Obscure court ruling could set powerful precedent
WASHINGTON – A 5th Circuit Court ruling over runny eggs could be just the ammunition HME providers need in cases involving ambiguous CMS guidelines.
“People think this case is humorous because of the underlying facts, but it has implications for all types of Medicare providers,” said Edward Vishnevetsky, an associate with Munsch Hardt in Dallas. “This is the first time we’ve seen a court not defer to CMS’s interpretations.”
Prompting the ruling was an appeal filed by Elgin Nursing Rehabilitation Center disputing a $5,000 fine it received for soft cooked eggs.
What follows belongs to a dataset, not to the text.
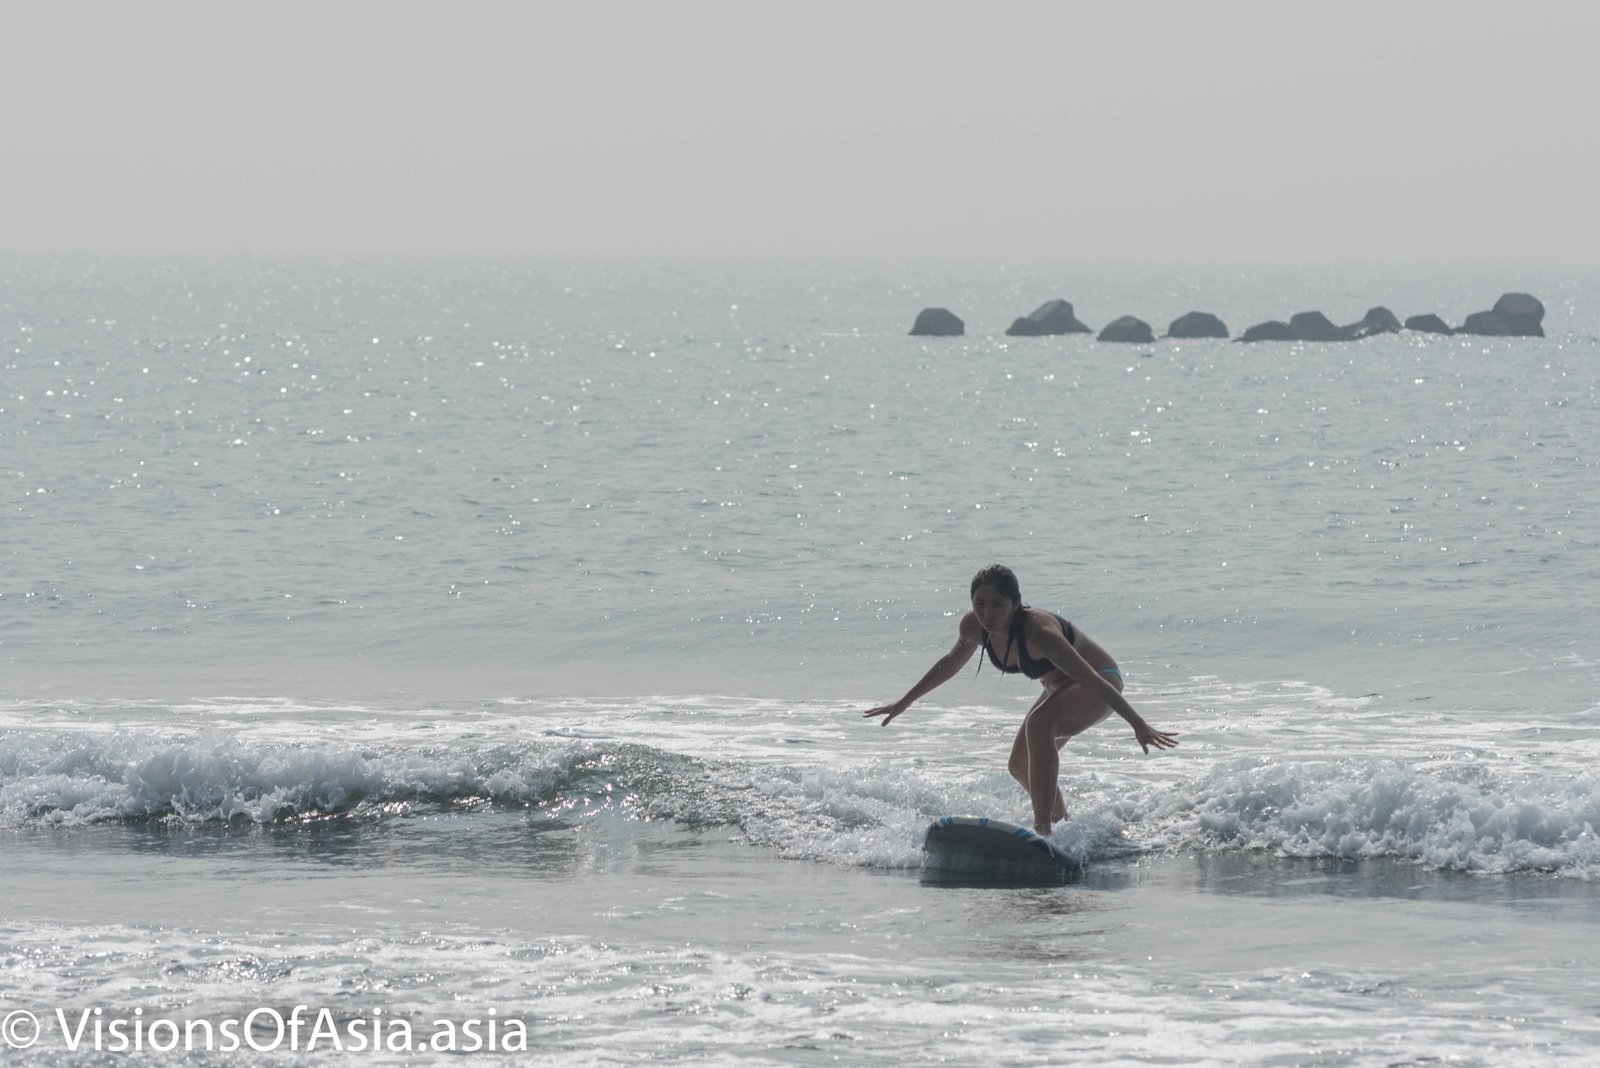 Surfer on Cinjin island

At issue: Whether or not eggs could be soft-cooked if heated to a certain temperature depended on the interpretation of a semicolon as meaning “and” or “or.”
When the court sided with the nursing home’s interpretation, that opened the door to other providers with “reasonable” interpretations of CMS’s guidelines to challenge denials, attorneys say.
“Providers are not going to be laughed at—they’re not going to be ignored,” said Neil Caesar, president of the Health Law Center in Greenville, S.C. “The reasonableness of the interpretation (in this case) is based on the layman’s standard, not an attorney’s standard.”
Providers could use the Elgin case to convince administrative law judges (ALJs) to rule in their favor, attorneys say. That could ultimately lead to clearer CMS guidelines and should reduce the number of denials based on ambiguous provisions in local coverage determinations (LCDs) and other policy manuals, attorneys say.
“We’ll need numerous cases proving this in different scenarios,” said Vishnevetsky. “This is a starting point to see how much, or how little, courts will defer to the agency going forward.”